Psychology plays a part in victories on the field
Published 8:11 pm Wednesday, November 26, 2008
FRANKLIN—Yogi Berra supposedly once said, “Baseball is 90 percent mental — the other half is physical.” Yogi may not be too good at math, but he does have a point. Psychology, and how a team prepares for a game, is as important as the physical aspect of the contest.
There are entire books dedicated to the discussion about how the mind effects performance on the field or the court — why players such as Tiger Woods, Michael Jordan and Wayne Gretzky always seem to have an edge, and why some don’t live up to expectations.
Dr. Sandy Dupcak, a clinical sports psychologist with Mental Edge, just outside of Boston, works with athletes from middle school all the way up to the pro ranks. She said Franklin High School’s comeback win over Colonial Beach last Saturday was tough, even in the best of situations. The Broncos trailed Colonial Beach, a team they had lost three straight games to, 14-0 in the first quarter. It appeared the Drifters might just roll over Franklin. Colonial Beach did not score the rest of the game. Franklin head coach Darren Parker said the team made some adjustments at halftime and the team turned the game around.
“Wouldn’t you have loved to be a fly on the wall?,” Dupcak said. “Clearly it’s very difficult in the best of circumstances to come from behind. It is challenging. There’s something that’s externally motivating them to play up, basically uniting the team behind a common goal.”

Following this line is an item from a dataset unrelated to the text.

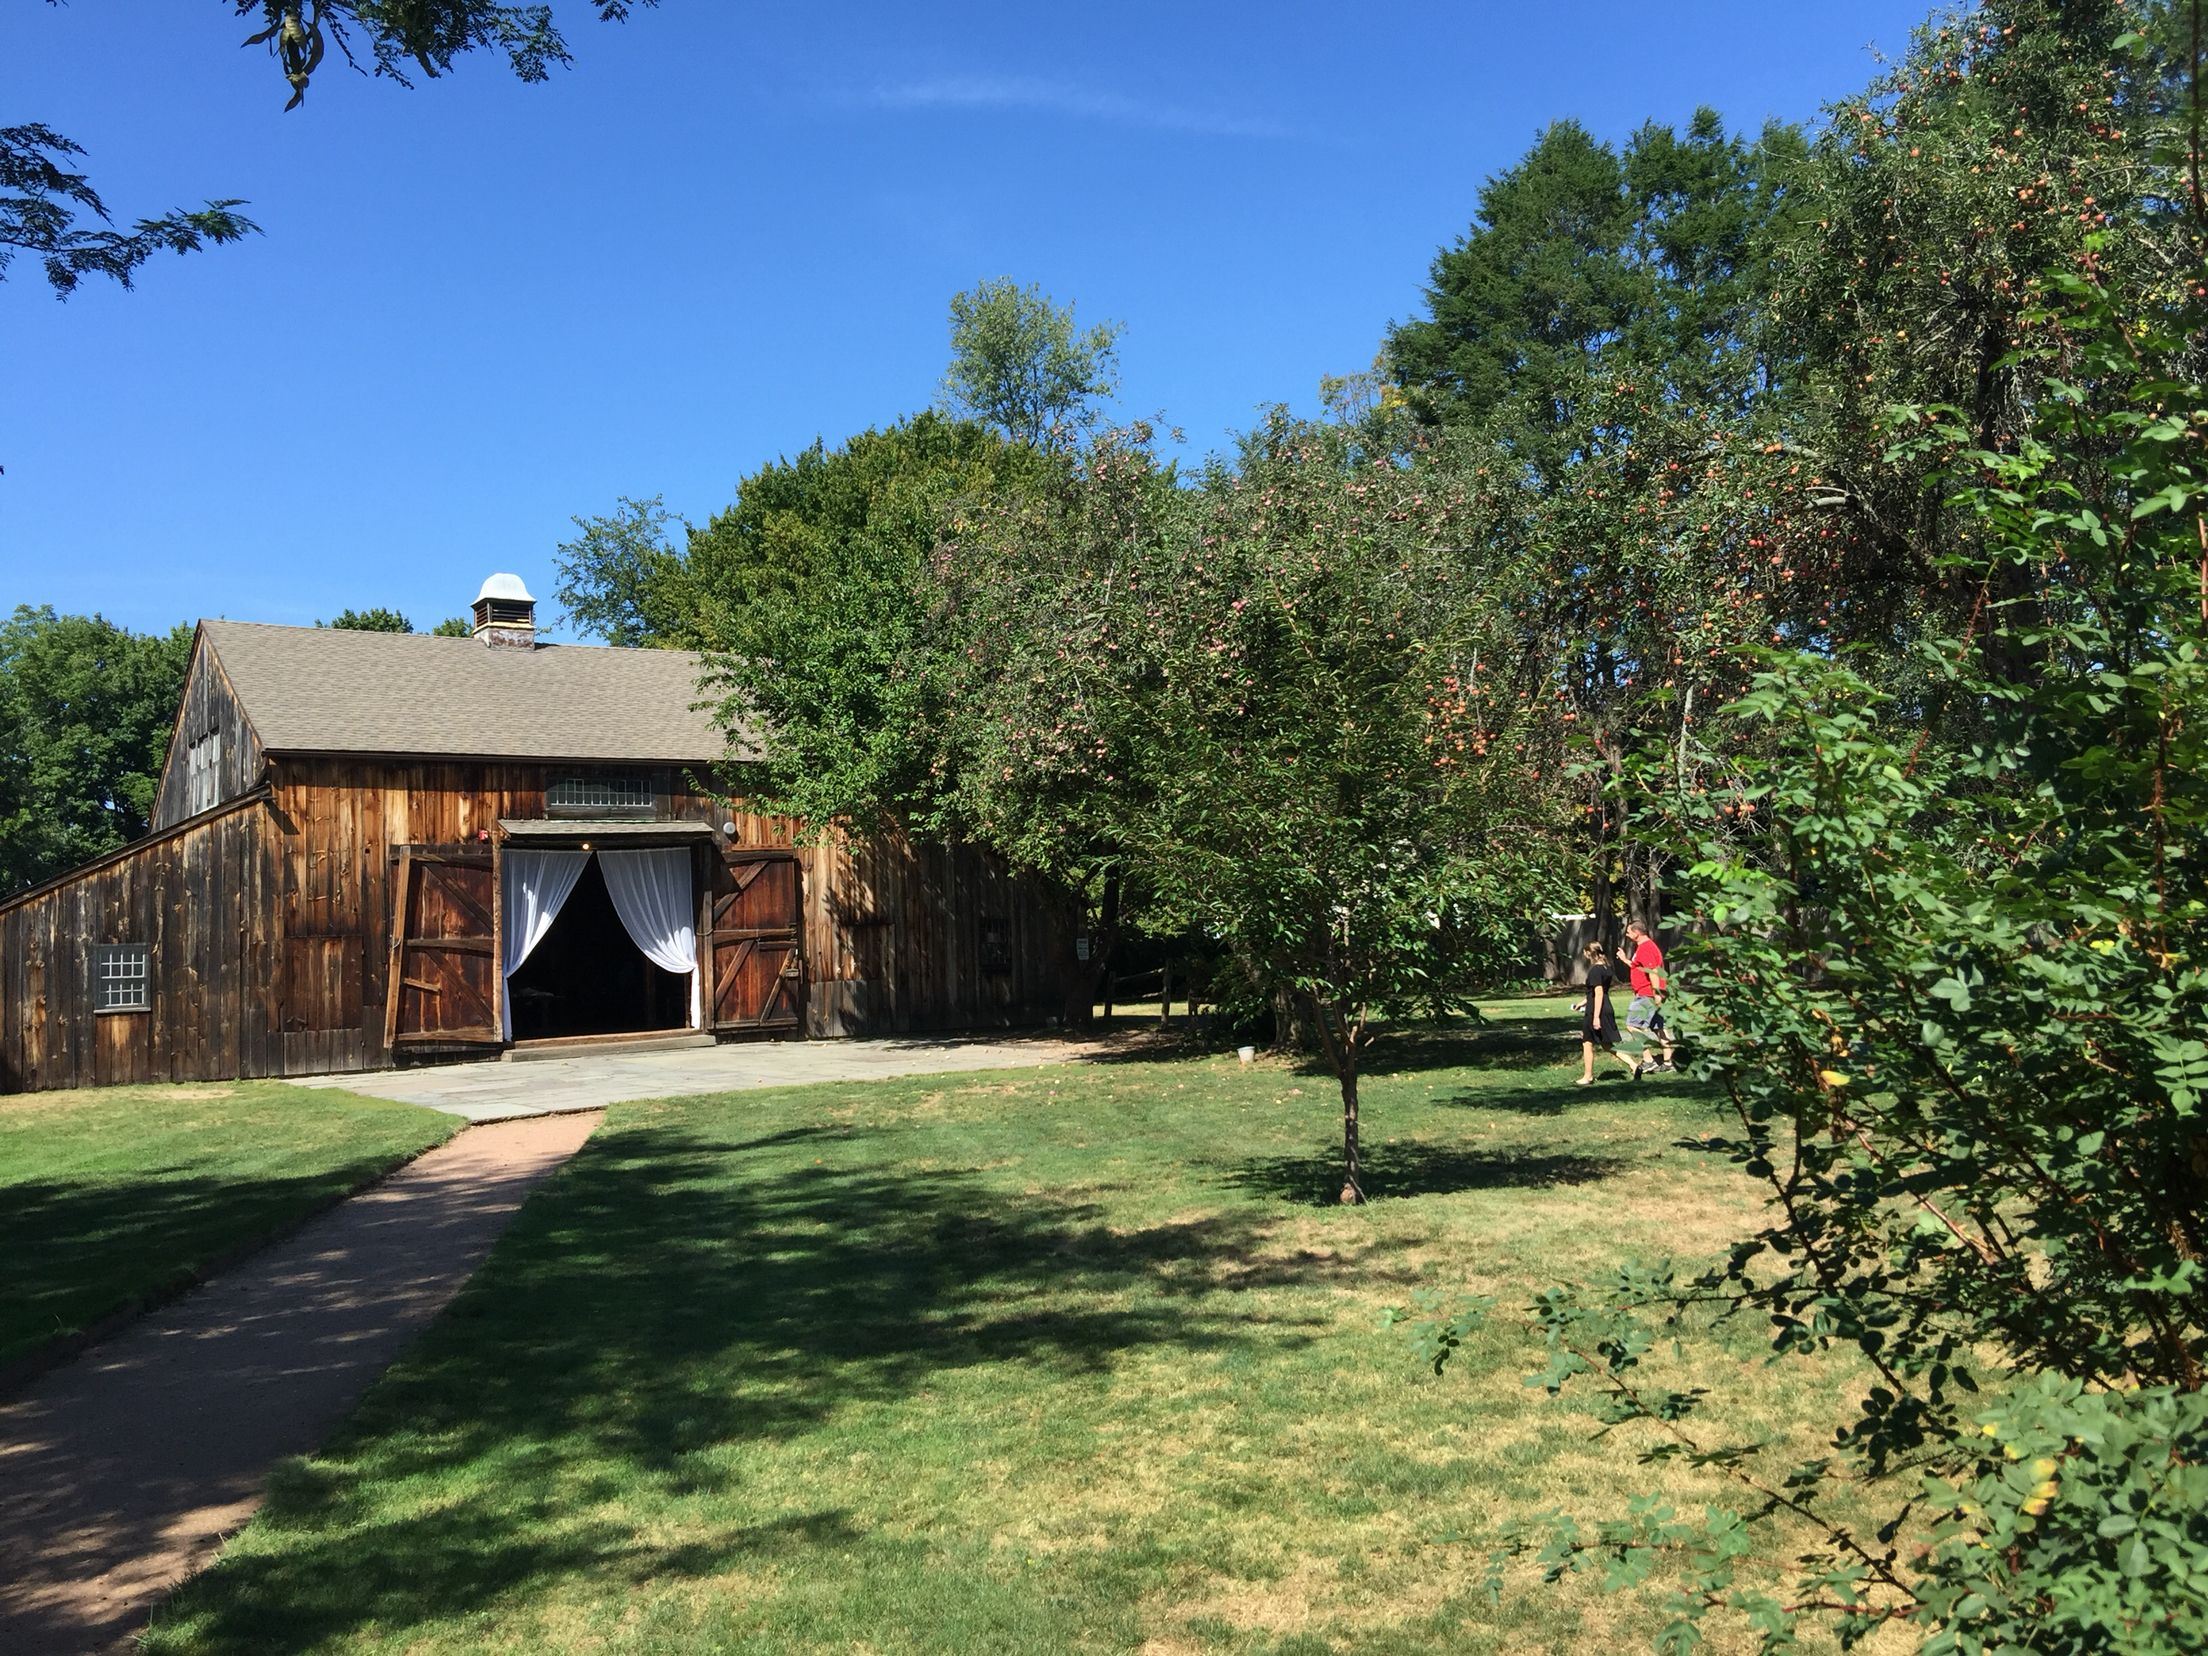 Webb Barn in Wethersfield, Connecticut is an ideal rustic ...
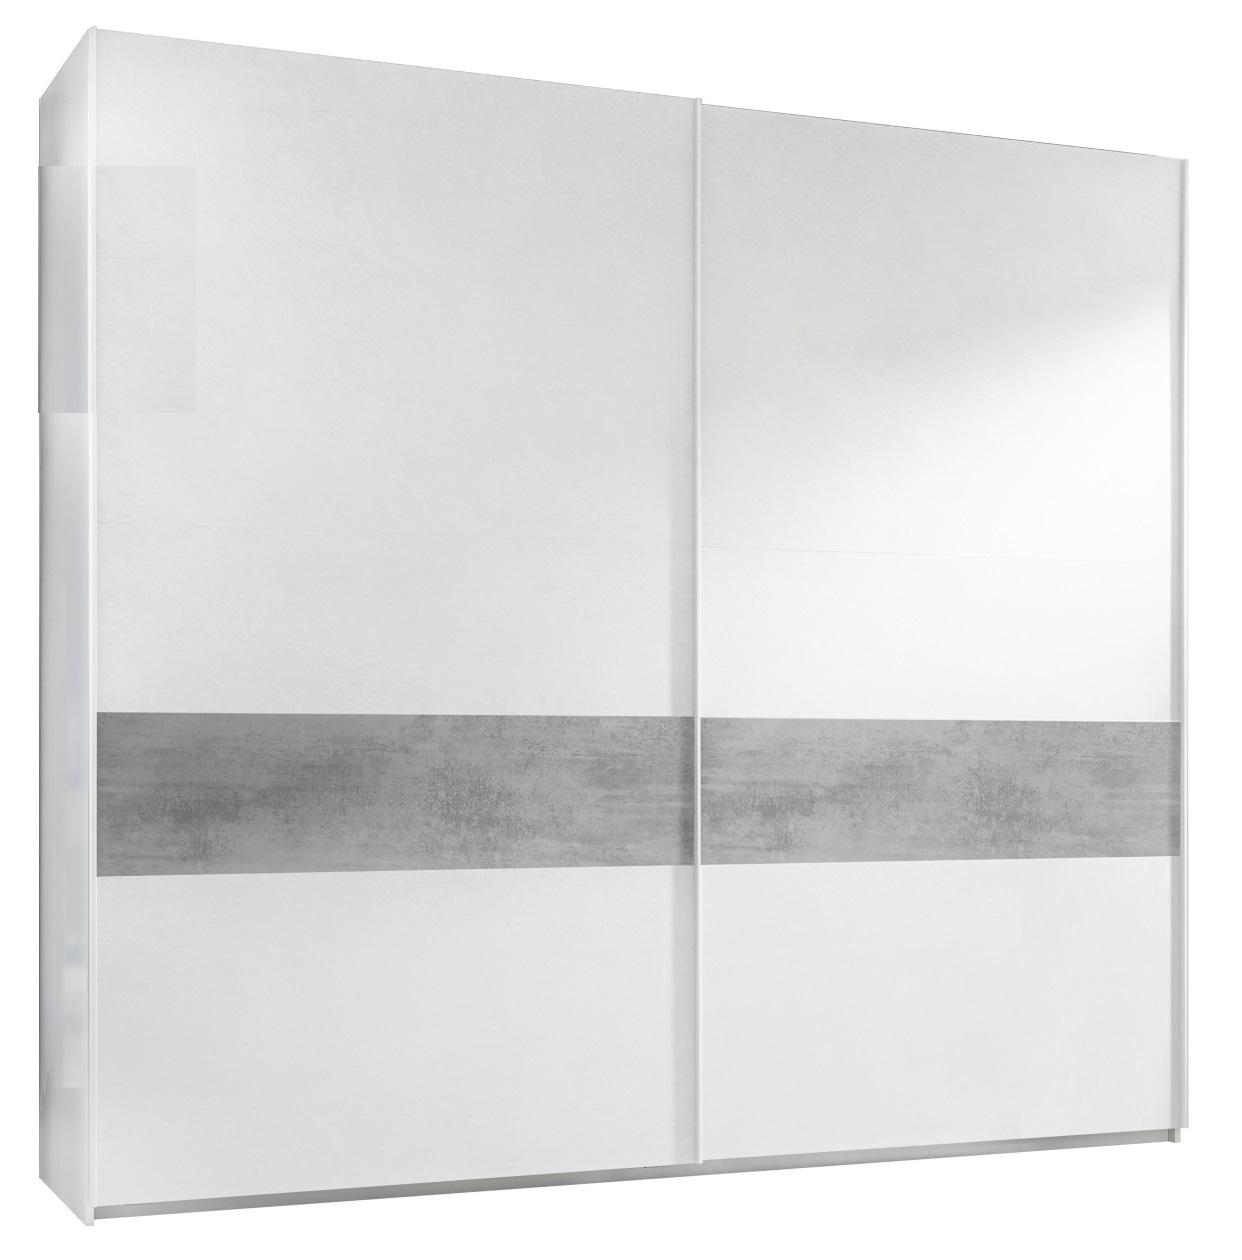 slaapkamerkast zweefdeurkast Amalti Alpaca 275 cm breed in mat wit met grijs beton

Part of that external motivation is what Parker said Monday night, and in a previous edition of The Tidewater News. The Broncos have been motivated in a spiritual way by the loss of former teammate Josh Willis, former assistant coach Dr. Charles Green and Carl Harris, a player who was injured and is out for the season. Also Monday, Parker mentioned the abrupt end to the season as a motivator.
Dupcak said, psychologically, the loss of a teammate (or coach) can be a huge motivating factor.
“It can purely be a matter of motivation, something very meaningful that they are working toward,” she said. “Using the death of the two significant people and doing something in honor of the injured player, those can be very motivating. All other factors equal, that can be the edge to play above their normality. They can ‘play up,’ as they say.”
In its two-game playoff run, Franklin has defeated two teams — Colonial Beach and Sussex Central — that it lost to during the regular season.
While sometimes losses can be a negative factor, Dupcak said that a loss can also be a huge motivator. She mentioned the New England Patriots’ recent win over the Miami Dolphins after the Dolphins beat the Patriots earlier in the season.
“It can happen quite frequently from the NFL to high school football. Oftentimes a loss in itself can be motivation. In fact, coaches and captains can capitalize on that loss and make it motivational in keeping the team focused on a particular goal,” she said.
The first time Franklin and Colonial Beach played, the Drifters scored on the last play of the game to win. During the final drive of Saturday’s game, Colonial Beach was able to move the ball downfield rapidly and move into scoring position. A Franklin player yelled from the sideline something to the effect that “this was not going to happen twice.” Whether anyone heard him or not, the Broncos defense stiffened up and preserved the win.
This week’s extra motivation for Franklin: the abrupt end of the season and the last game for the seniors if they lose.
“If you lose you go home, for a year,” Parker emphasized.